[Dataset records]
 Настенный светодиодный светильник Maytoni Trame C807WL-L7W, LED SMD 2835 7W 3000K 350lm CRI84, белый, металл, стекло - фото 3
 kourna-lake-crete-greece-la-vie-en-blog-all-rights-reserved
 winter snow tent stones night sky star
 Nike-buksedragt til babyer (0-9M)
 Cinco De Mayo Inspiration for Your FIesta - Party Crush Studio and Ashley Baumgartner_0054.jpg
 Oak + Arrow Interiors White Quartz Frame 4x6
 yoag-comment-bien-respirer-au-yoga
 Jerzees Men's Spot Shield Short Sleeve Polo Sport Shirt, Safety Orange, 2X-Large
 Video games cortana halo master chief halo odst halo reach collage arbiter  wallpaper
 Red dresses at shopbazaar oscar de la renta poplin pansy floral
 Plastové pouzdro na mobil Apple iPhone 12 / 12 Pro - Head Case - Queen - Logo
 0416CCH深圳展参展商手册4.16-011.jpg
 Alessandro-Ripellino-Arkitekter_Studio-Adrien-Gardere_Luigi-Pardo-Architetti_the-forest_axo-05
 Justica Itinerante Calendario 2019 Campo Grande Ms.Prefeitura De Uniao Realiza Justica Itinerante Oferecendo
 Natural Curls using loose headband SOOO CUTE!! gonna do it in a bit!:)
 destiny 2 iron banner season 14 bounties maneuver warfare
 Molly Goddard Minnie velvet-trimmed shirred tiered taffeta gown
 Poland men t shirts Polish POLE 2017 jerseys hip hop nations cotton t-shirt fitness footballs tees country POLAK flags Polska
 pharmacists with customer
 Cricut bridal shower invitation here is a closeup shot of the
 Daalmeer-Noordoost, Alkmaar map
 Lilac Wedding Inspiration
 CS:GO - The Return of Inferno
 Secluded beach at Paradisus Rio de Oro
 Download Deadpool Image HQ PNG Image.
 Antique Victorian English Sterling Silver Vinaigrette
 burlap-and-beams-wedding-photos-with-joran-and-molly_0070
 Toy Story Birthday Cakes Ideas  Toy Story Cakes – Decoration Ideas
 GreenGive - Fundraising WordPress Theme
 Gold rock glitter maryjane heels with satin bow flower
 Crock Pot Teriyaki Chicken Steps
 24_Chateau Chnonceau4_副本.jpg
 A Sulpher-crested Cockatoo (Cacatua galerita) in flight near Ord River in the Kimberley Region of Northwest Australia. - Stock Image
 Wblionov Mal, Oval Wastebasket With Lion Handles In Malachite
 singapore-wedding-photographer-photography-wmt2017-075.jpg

▶ **Assignment**: Using the data above, copy each line that contains "Inspiration".

▶ **Exercise solution**:
 Cinco De Mayo Inspiration for Your FIesta - Party Crush Studio and Ashley Baumgartner_0054.jpg
 Lilac Wedding Inspiration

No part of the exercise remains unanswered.